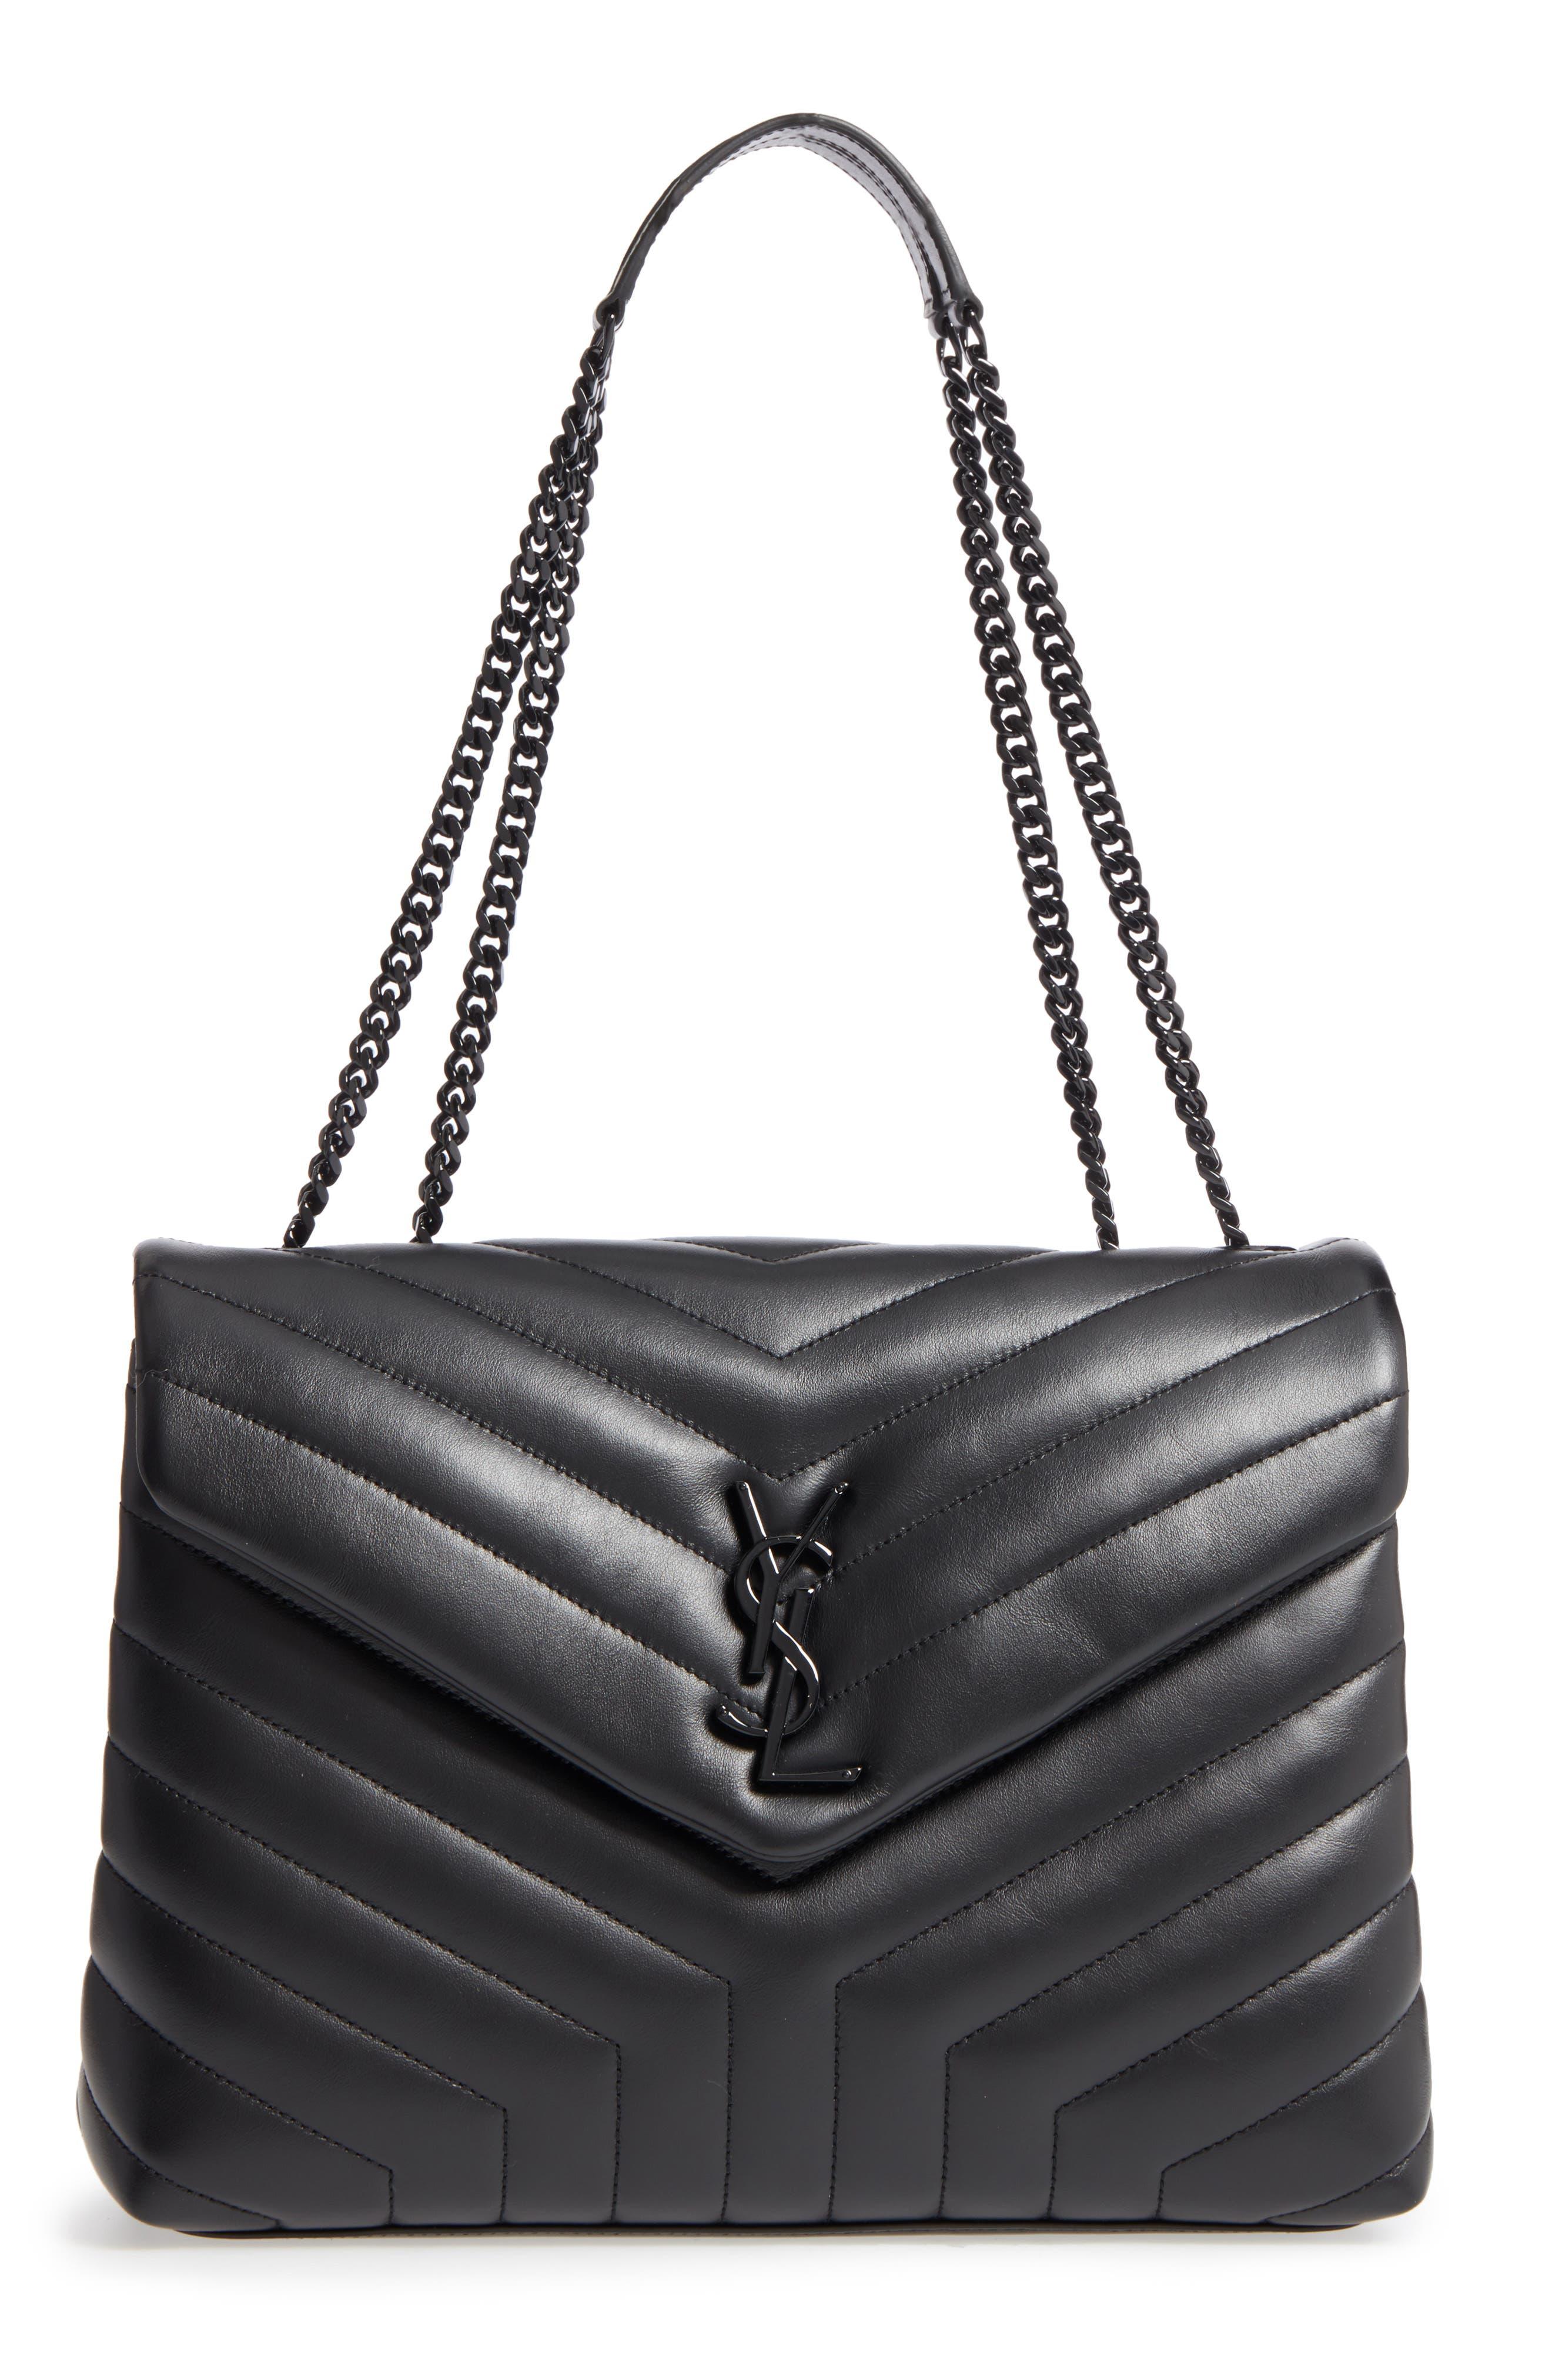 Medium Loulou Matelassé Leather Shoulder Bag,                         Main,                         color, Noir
# # # # # # #
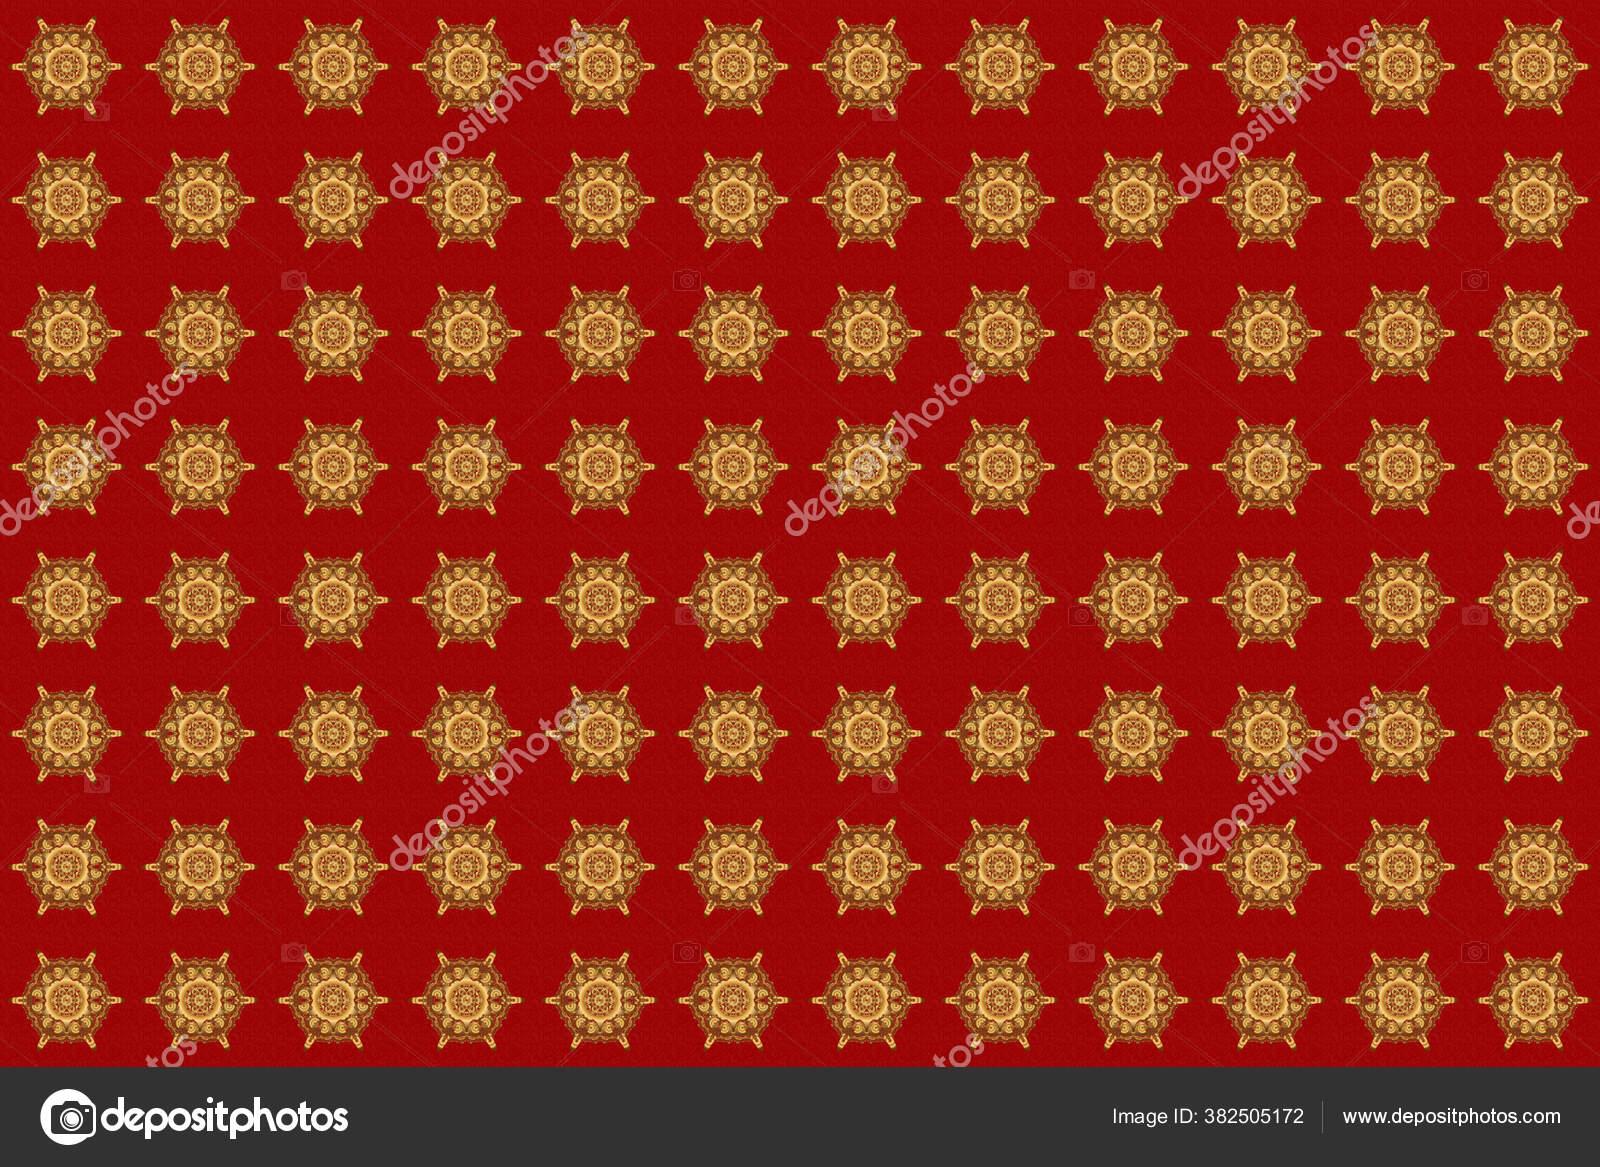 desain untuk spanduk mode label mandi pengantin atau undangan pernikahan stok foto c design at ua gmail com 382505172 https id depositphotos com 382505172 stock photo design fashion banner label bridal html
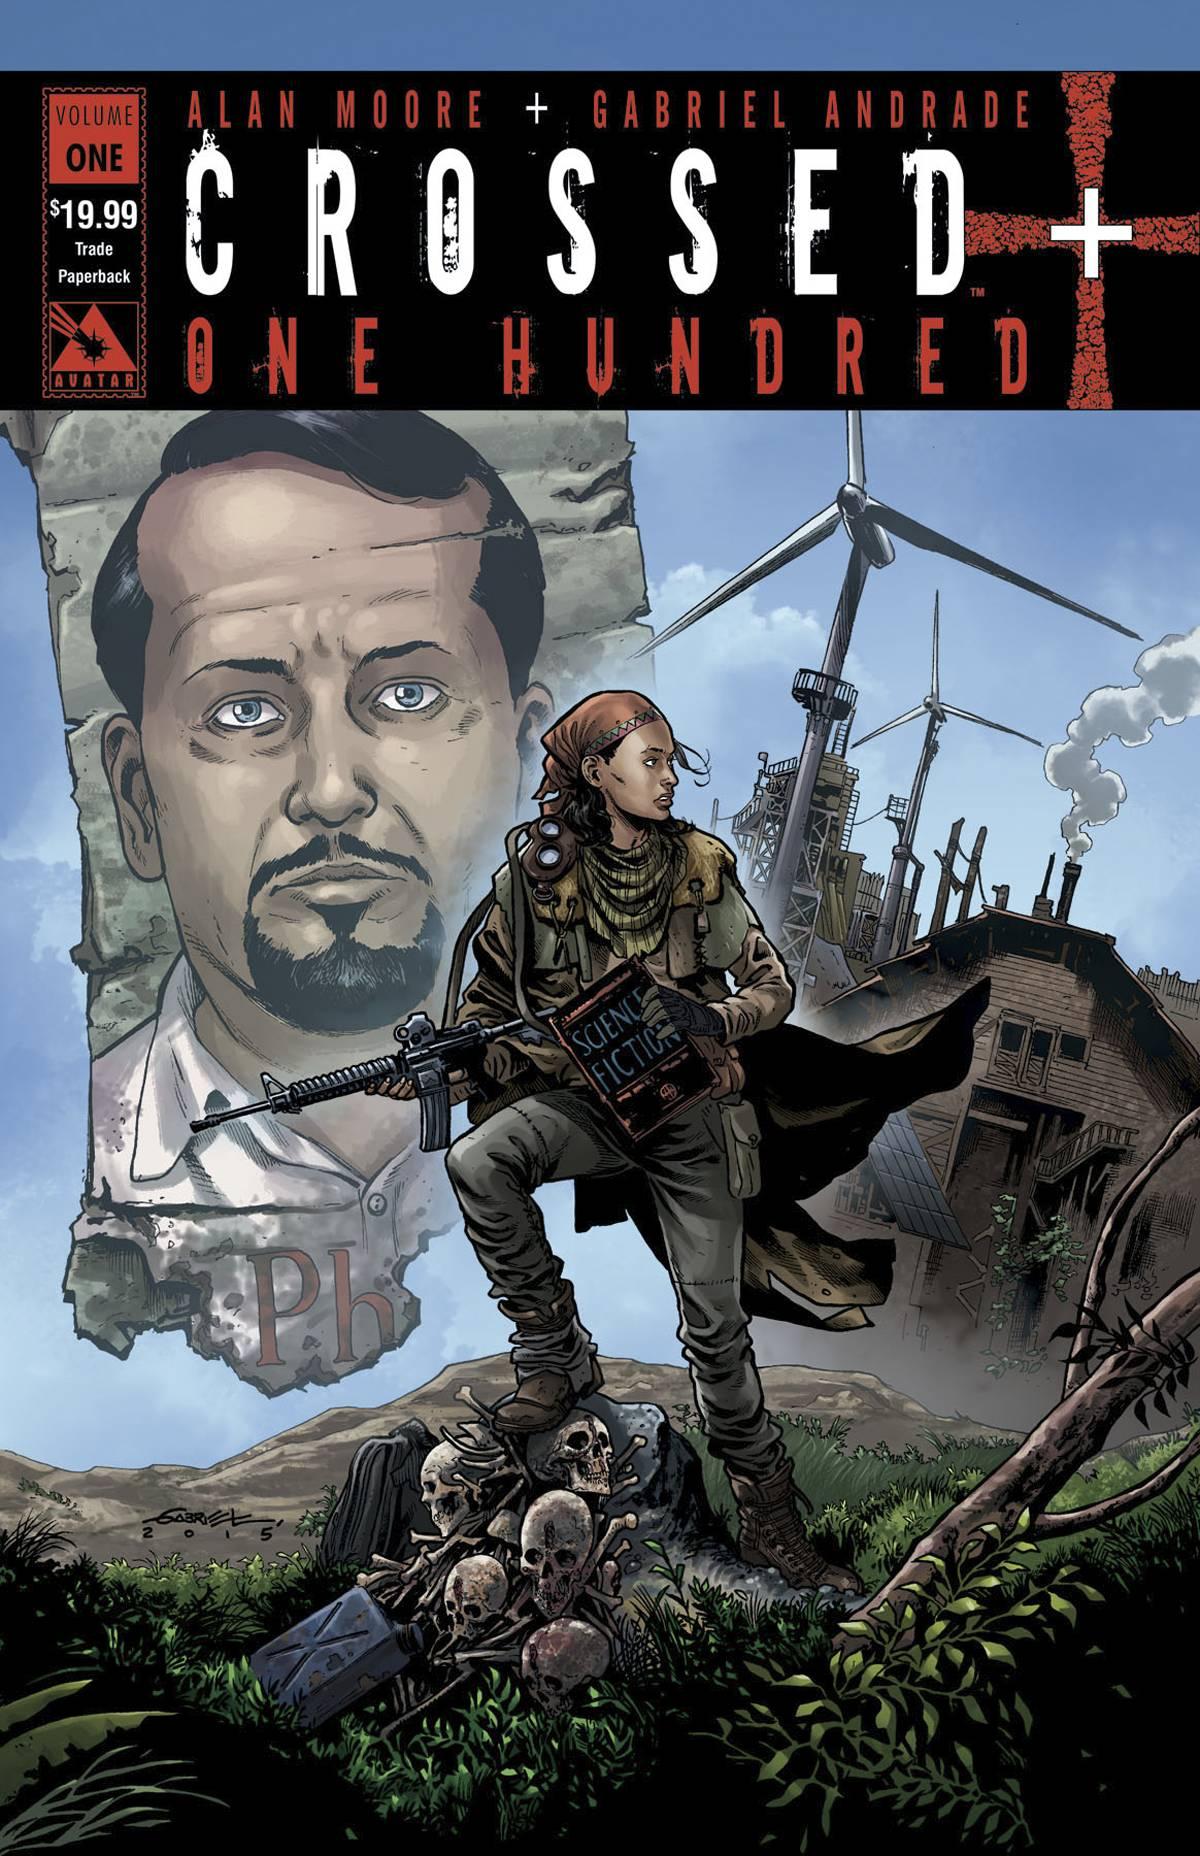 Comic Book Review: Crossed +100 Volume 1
# # # # # # #
Task brief
Start at the line above containing "desain untuk spanduk" and stop at the line containing "Comic Book Review: Crossed +100 Volume 1": print those lines and everything between them exactly, but not the pictures.

Response to the task
 desain untuk spanduk mode label mandi pengantin atau undangan pernikahan stok foto c design at ua gmail com 382505172 https id depositphotos com 382505172 stock photo design fashion banner label bridal html
 Comic Book Review: Crossed +100 Volume 1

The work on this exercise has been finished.